The bridge felt like it swayed faster, with people speeding up to reach the exit before the skies opened. Ivy grabbed Bethany’s hand.
“Ivy! Let go!” Bethany shrieked.
Ivy did, reluctantly, and concentrated on looking straight ahead. Not to either side of her, definitely not down below to the river. This is not what she envisioned when she finished her communications degree.
She swallowed, pushing thoughts of Metric from her mind. She had worked so hard there. But a day after she made that post, they fired her.
She knew the post rankled some people the wrong way, but she honestly thought the firm, which prides itself on being ground-breaking and ahead of the trends, wouldn’t have such an over-the-top reaction to a post of a fuzzy pair of black handcuffs. It wasn’t like she used the company account to post it on.
Ivy bit the inside of her cheek to stop the flood of emotion. She thought Gabe would be mad at her, but he’d calm down, listen to what she had overheard, and take that to Axis Management. Never did it cross her mind she’d lose both her job and her Dom over the post.

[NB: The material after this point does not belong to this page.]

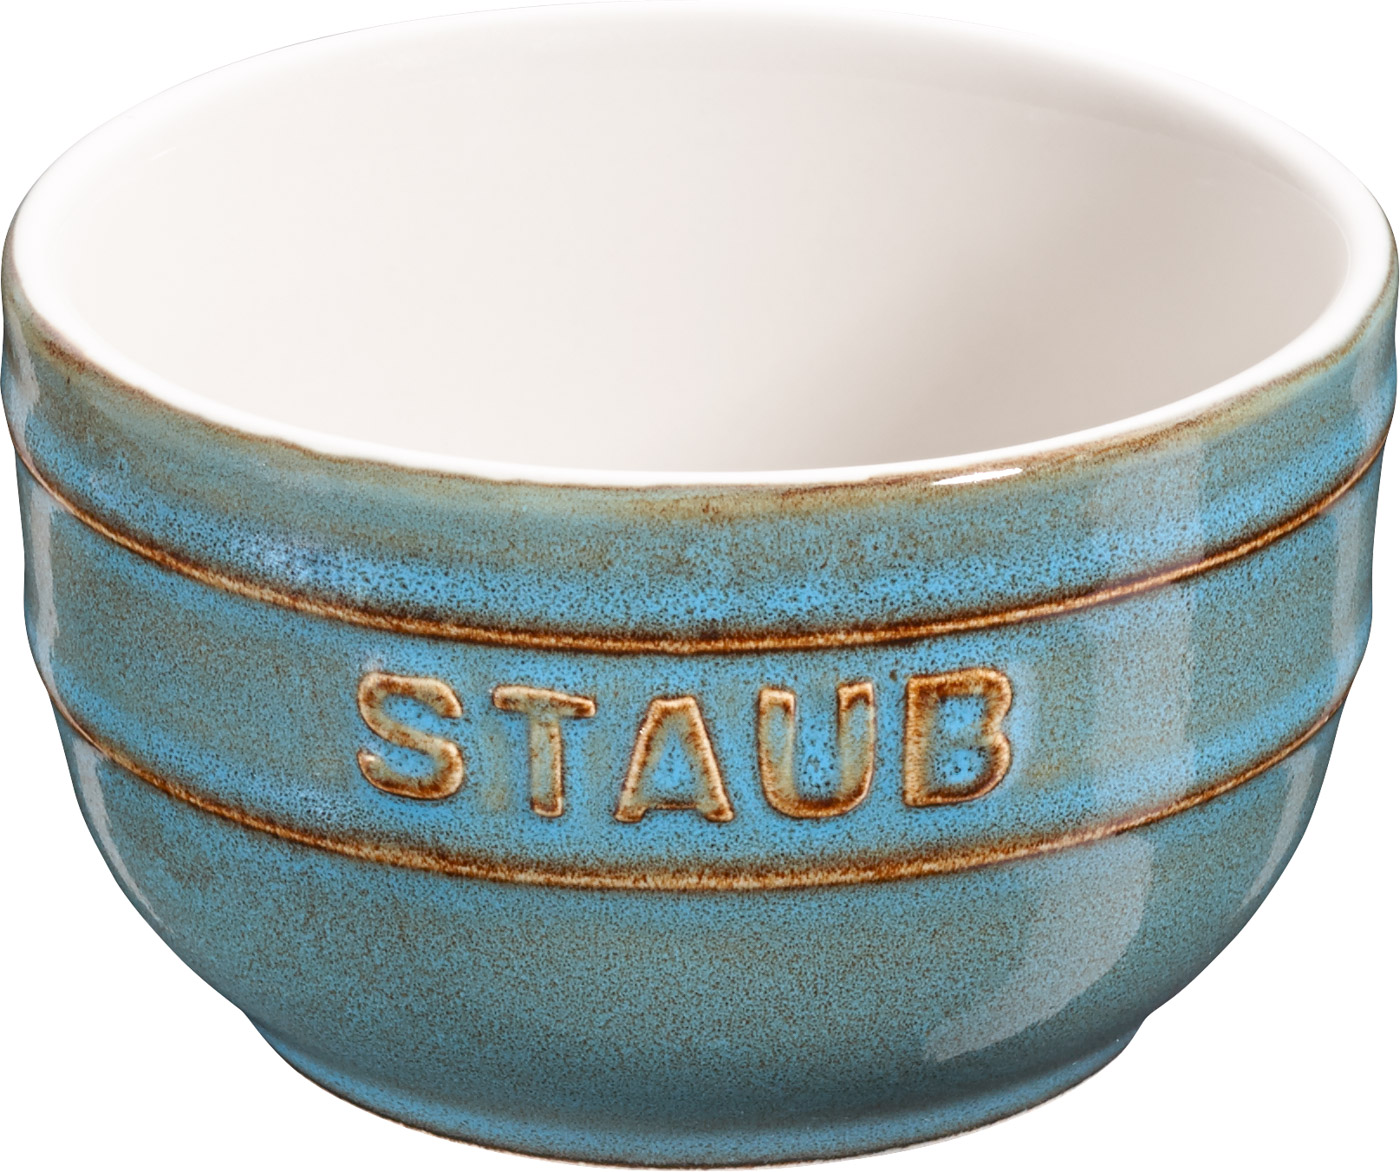 Förmchenset, 2-tlg, Antik-Türkis, Keramik, Serie: Ceramique. Marke: Staub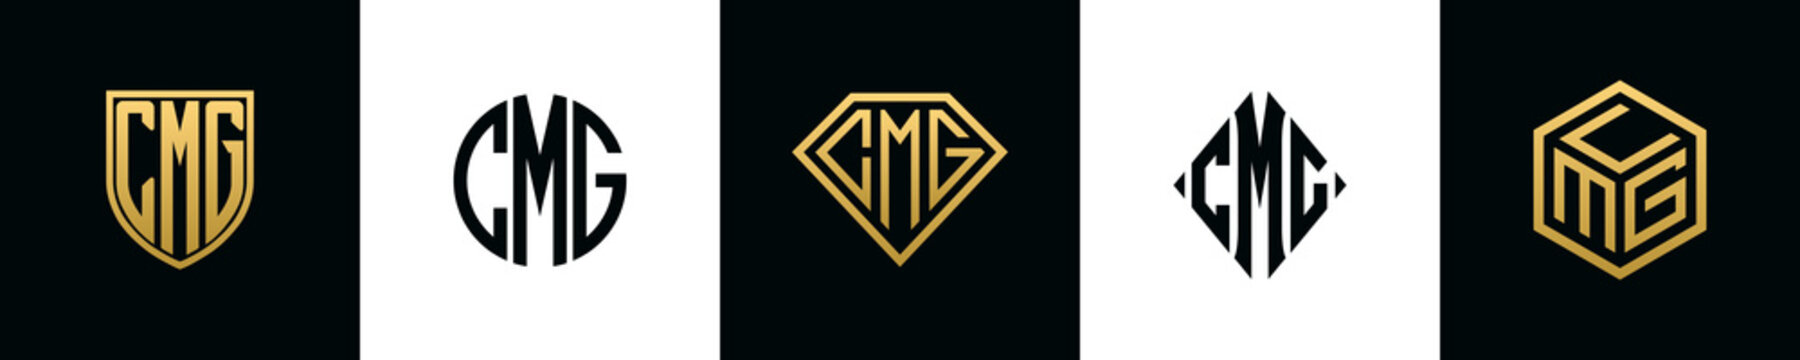 Initial letters CMG logo designs Bundle

And even though it led to her taking stupid pictures and being single and lonely, she would do it again because she did it to save Gabe.
“Come on, Ivy!” Bethany yelled at her.
She tried to hurry up her careful steps.
At the end of the bridge, Ivy leaned against a tree, sucking in full breaths of air. She would never, ever do that again.
“Eww, I got another creepy text.” Bethany shoved her phone in front of Ivy’s nose.
Taking the phone, Ivy read it. For the past month, user max65 had been sending Bethany creepy messages. Stuff like he wants to see her naked. He can’t wait to get her alone. He wants to mess her up.
Ivy thought she should report them to the police, but Bethany scoffed at her and did what she did every time something in life didn’t work out for her: called her father.
Not trusting Bethany to screenshot it, Ivy took a picture of it with her phone and handed it back to Bethany.
“It’s harmless, right? Just some troll.”
The mask slipped for a moment, and a frightened nineteen-year-old woman stared at her.
“I’m sure it’s nothing.”
She didn’t think that at all, but giving reassurance was a big part of her job, and she was tired of trying to convince Bethany to report it.
“Yeah. Let’s go!” Bethany said, taking off at a gruelling pace again.
Finally, out of the park, drenched from head to toe, Ivy pulled a towel from her trunk and tried to sop up some water. She climbed in the car, Bethany following her.
“How many people do we have for Friday?”
“I updated the list this morning. We’re at one hundred and fifty.”
“I want two hundred and fifty,” Bethany said. “Send out more invitations.”